How to jointly optimize action detector and trajectory diffuser?

zhouxian / act3d-chained-diffuser

A unified architecture for multimodal multi-task robotic policy learning.

107 stars 9 forks source link

How to jointly optimize action detector and trajectory diffuser? #11

Closed ManUtdMoon closed 8 months ago

ManUtdMoon commented 8 months ago

Dear authors,

Thank you for your inspiring work!

I noticed that in the ChainedDiffuser paper your mentioned that "...train both the action detector and the trajectory diffuser jointly" and "we train the first 2 terms till convergence, and then add the 3rd term for joint optimization". However, I did not see that there are codes for joint optimization because the only model in main_trajectory.py is a DiffusionPlanner.

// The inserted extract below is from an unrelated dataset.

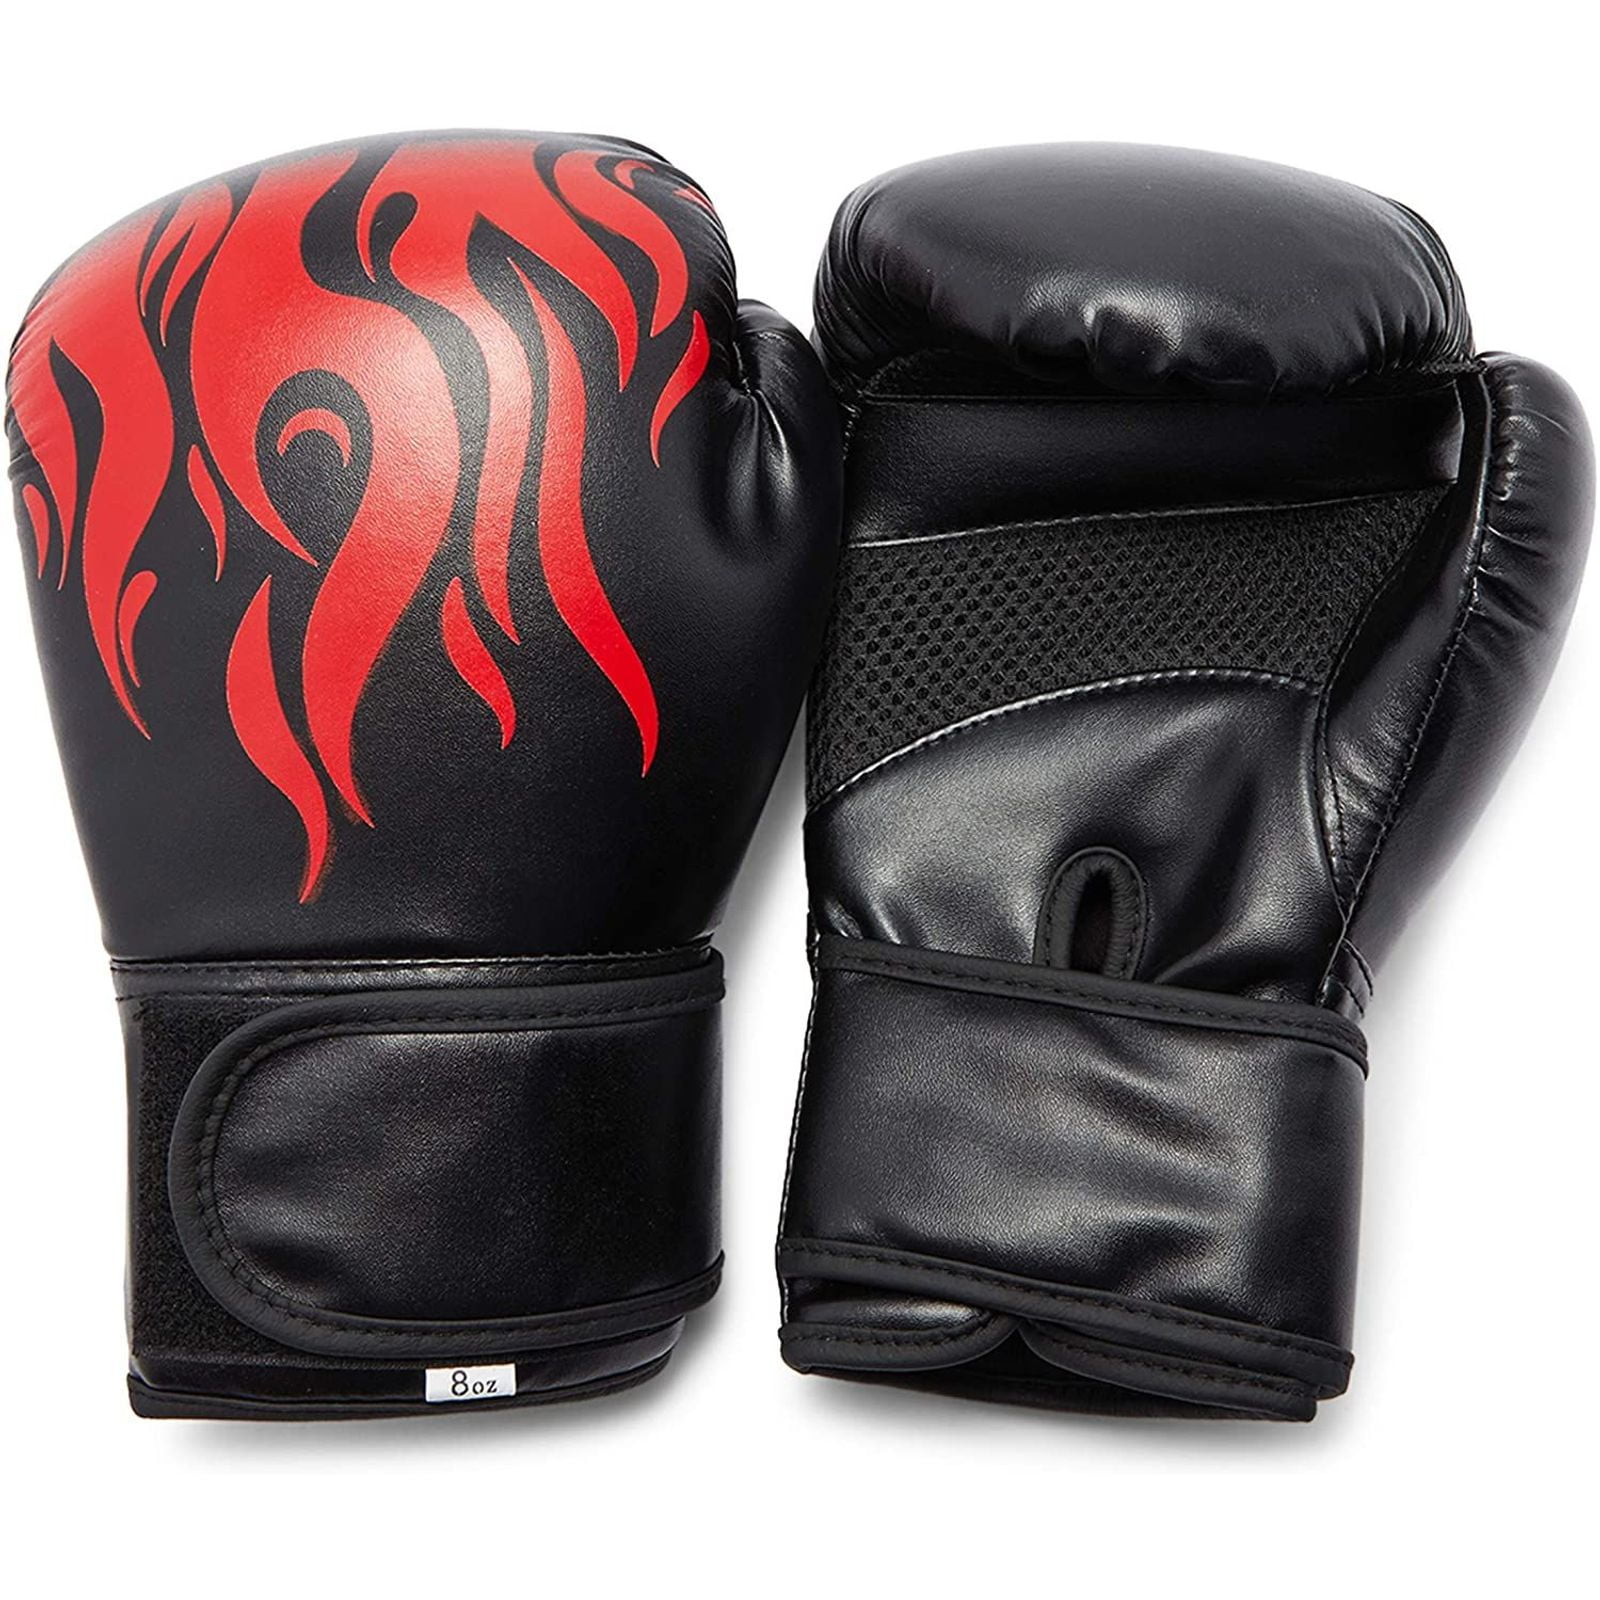 Inner Gloves Boxing Fist Hand Wraps Bandages MMA Dragon Punch Muay Thai Kick

Would you please explain more about the actual joint training of Act3d and DiffusionPlanner?

Regards, Dongjie

zhouxian commented 8 months ago

Hi, in our latest exps we found that simply training the models separately would yield similar/even better performance. Joint training is not needed any more.

ManUtdMoon commented 8 months ago

Hi, in our latest exps we found that simply training the models separately would yield similar/even better performance. Joint training is not needed any more.

Hi Zhou, thank you for your quick reply!

I think seperate training needs relabeling of the keypose. Could you please show me how it is done in the code？ Thank you！

zhouxian commented 8 months ago

What do you mean relabeling? We use the same strategy for both act3d and chained diffuser for extracting keyframes.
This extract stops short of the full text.